“What’s really frustrating are the clients who work with Russian companies and aren’t willing to change,” Ms. Hameliak said. “I try to be polite.”
The corruption problem
Last year, the Corruption Perceptions Index published by Transparency International ranked Ukraine as the second-most-corrupt country in Europe, behind Russia. For years, a small group of oligarchs owned a huge swath of the economy, and bribery was commonplace. As bad, a shadow economy of unreported transactions has long eroded the tax base. Four years ago, the Kyiv International Institute of Sociology estimated that 47 percent of Ukraine’s gross domestic product was essentially invisible to the government.
The situation is improving, many executives here say, as more companies vie for contracts in the international economy, where integrity is more highly prized.
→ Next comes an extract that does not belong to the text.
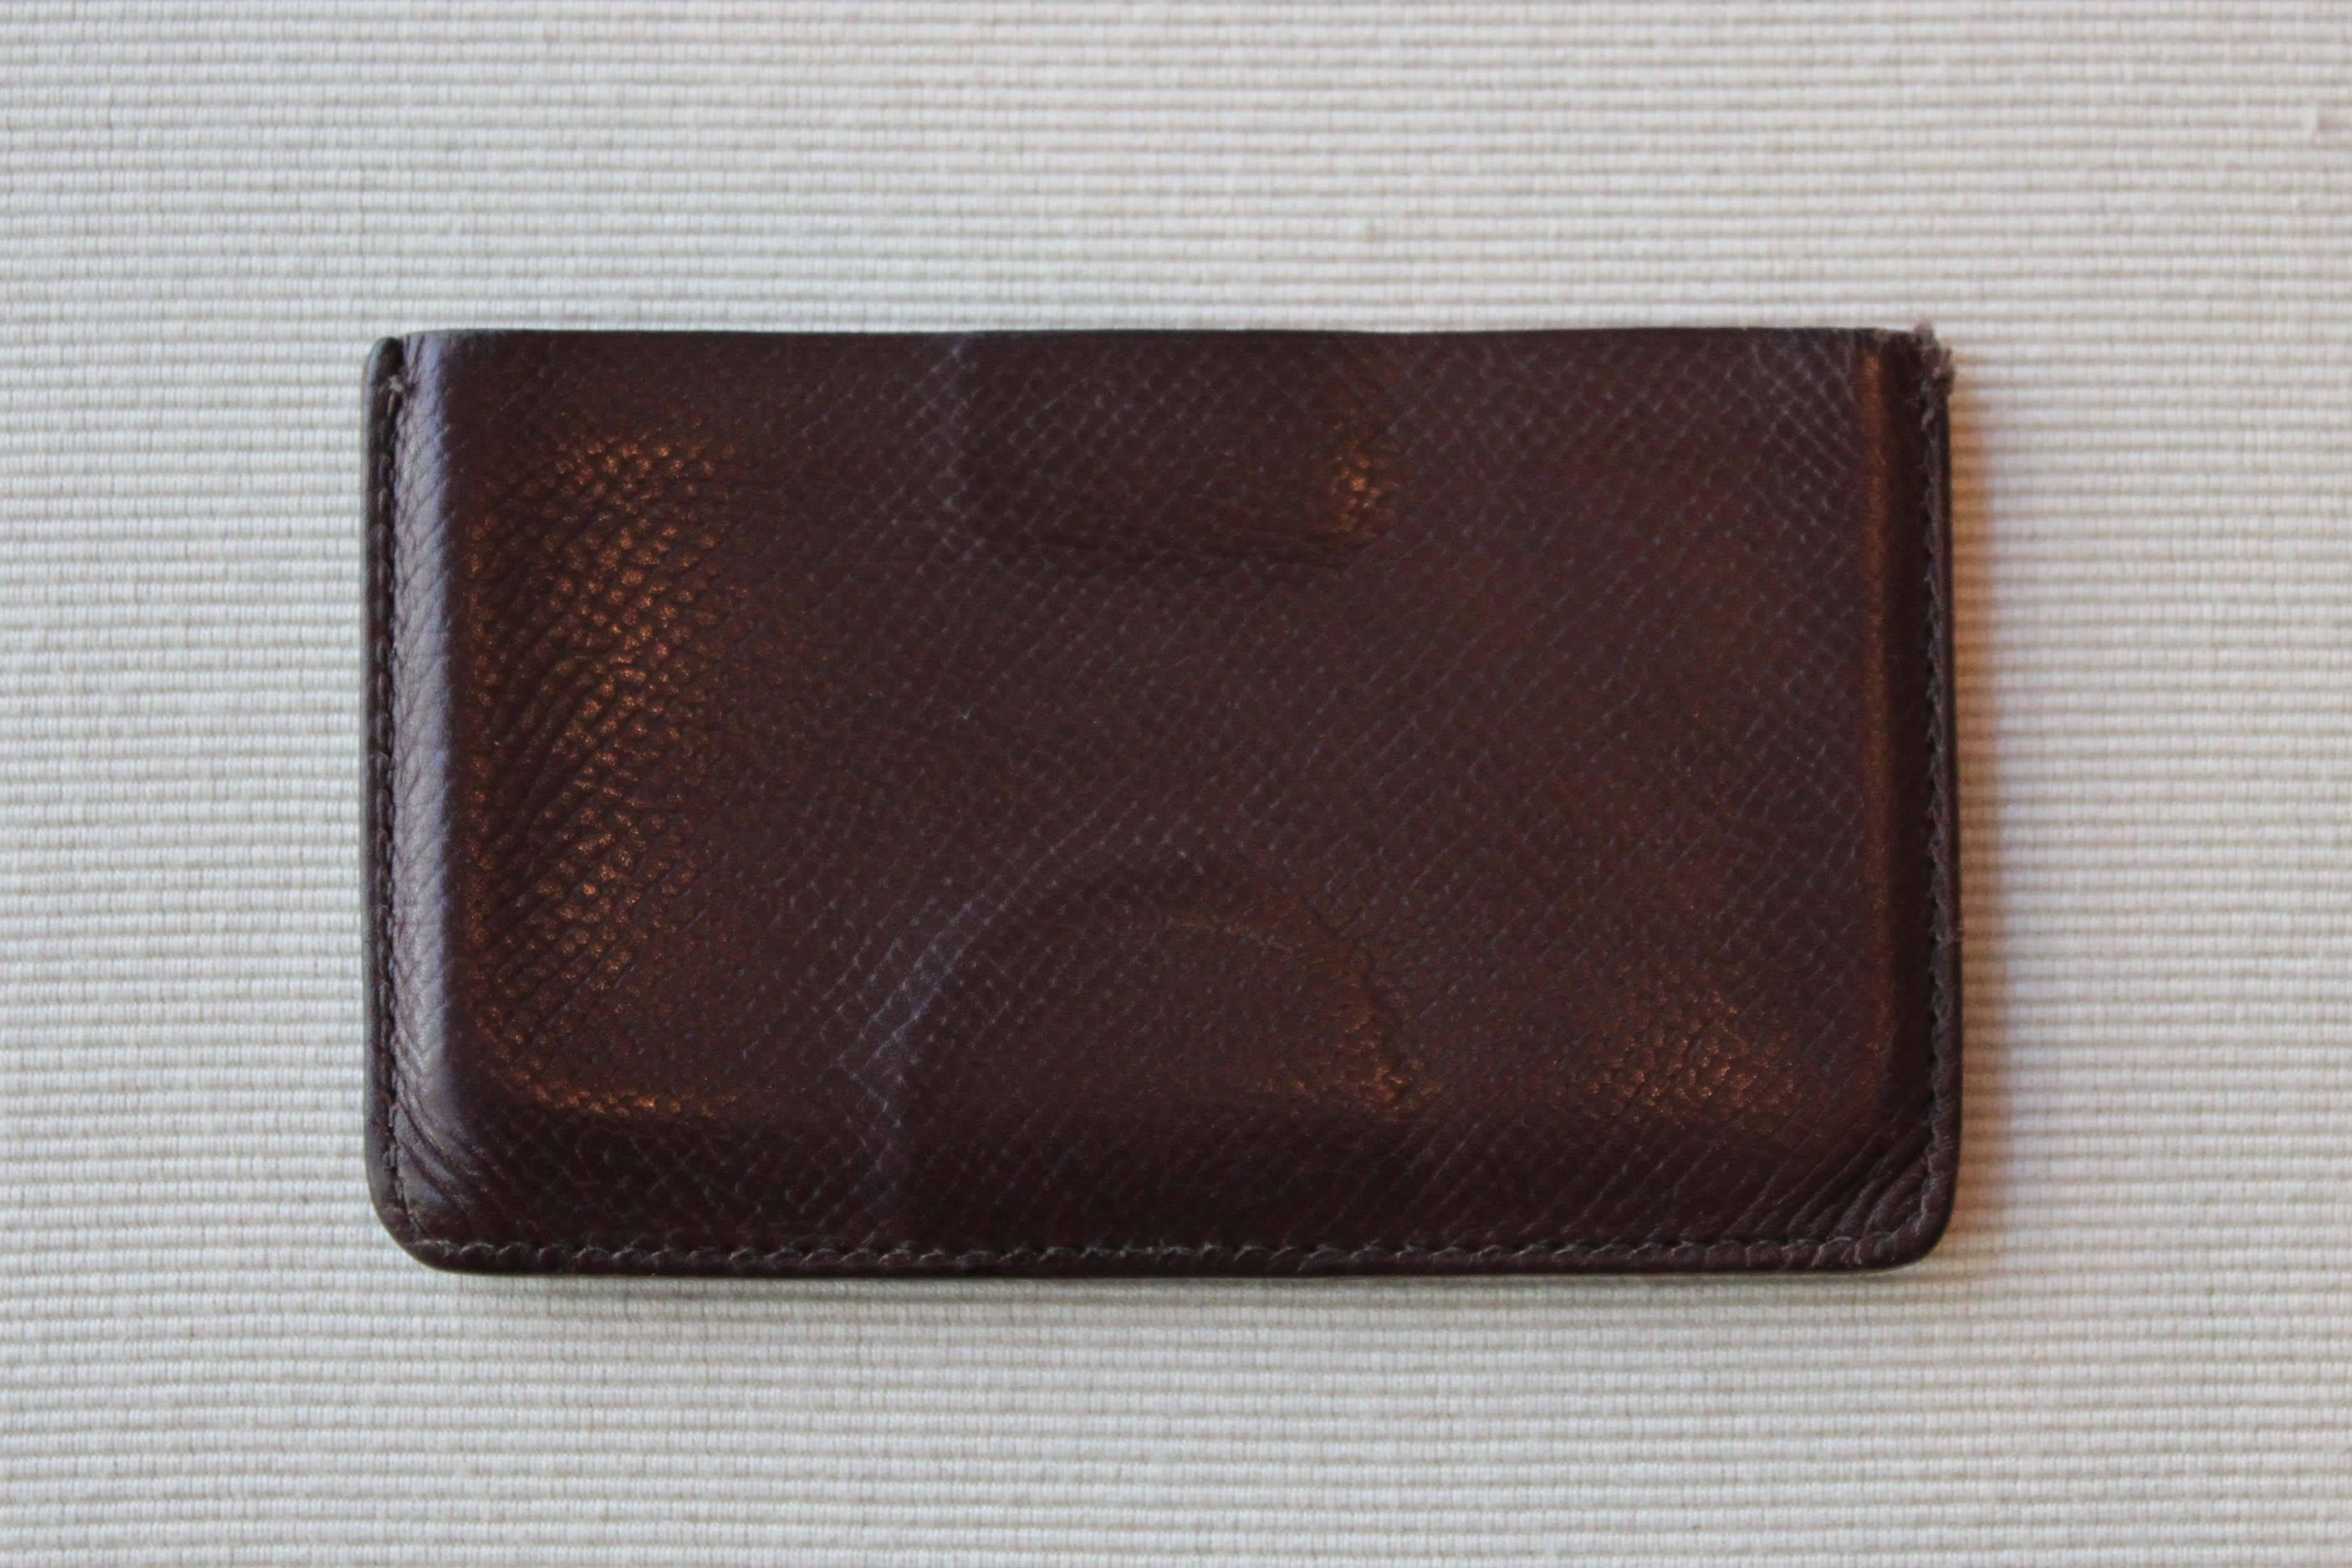 Vintage Hermès leather card case in brown Epsom calfskin. Good overall condition consistent with regular use. Does not include packaging.
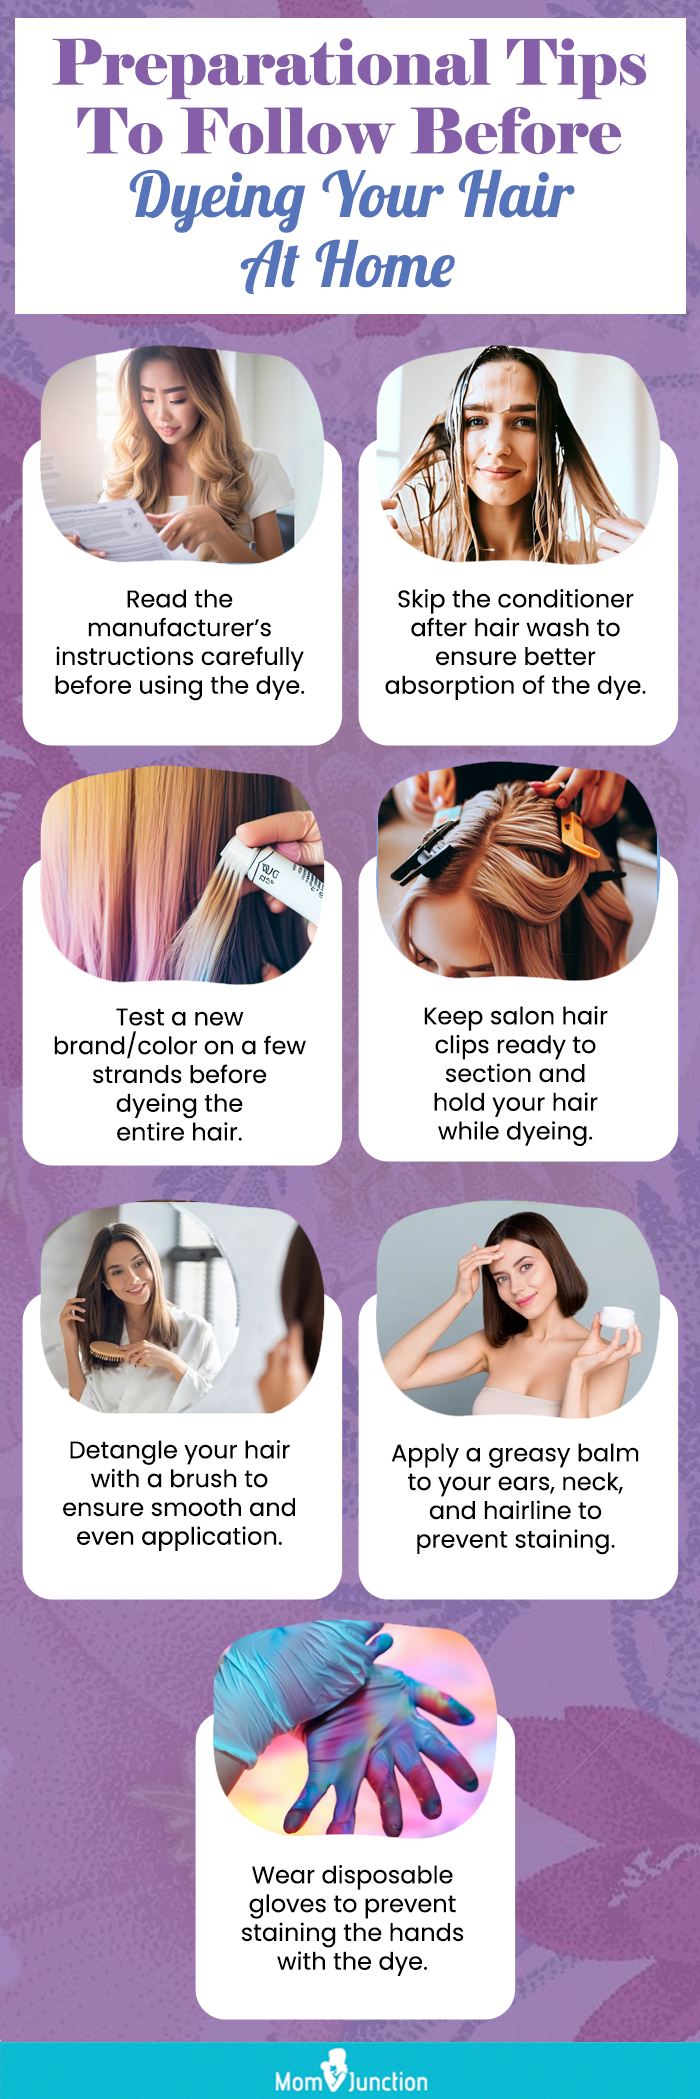 Preparational Tips To Follow Before Dyeing Your Hair At Home (infographic)

But young entrepreneurs understand that, before the war turned the country into a symbol of resistance, it had an image problem. And there was no point in waiting for the government to fix it, or even provide basic social services, like a safety net. People here live on what they earn or they don’t retire, or they live in misery.
Staffs understood that companies were at risk of hemorrhaging customers and would disappear if they could not prove that they were every bit as viable as they were the day before hostilities began. Plus, focusing on work was a good way to ignore unfolding horrors.
“We felt a lot of emotions, and most of them were pretty negative,” said Illia Shevchenko, a Ukrainian manager at EPAM Systems, a digital product design company that is based in Pennsylvania and has offices around Ukraine. “The best way to distract yourself from these emotions is to work. There’s a specific task. You sit down and think about it.”
Mr. Shevchenko was speaking over a video call from a small bedroom in an apartment in Kremenchuk, where his wife and two children moved soon after Kharkiv, their former hometown, was attacked. He wore a red T-shirt with an illustration of Einstein on it, and gave a tour of his new office that lasted about six seconds. He lifted his laptop and pointed it at the tiny table and chair where he now works.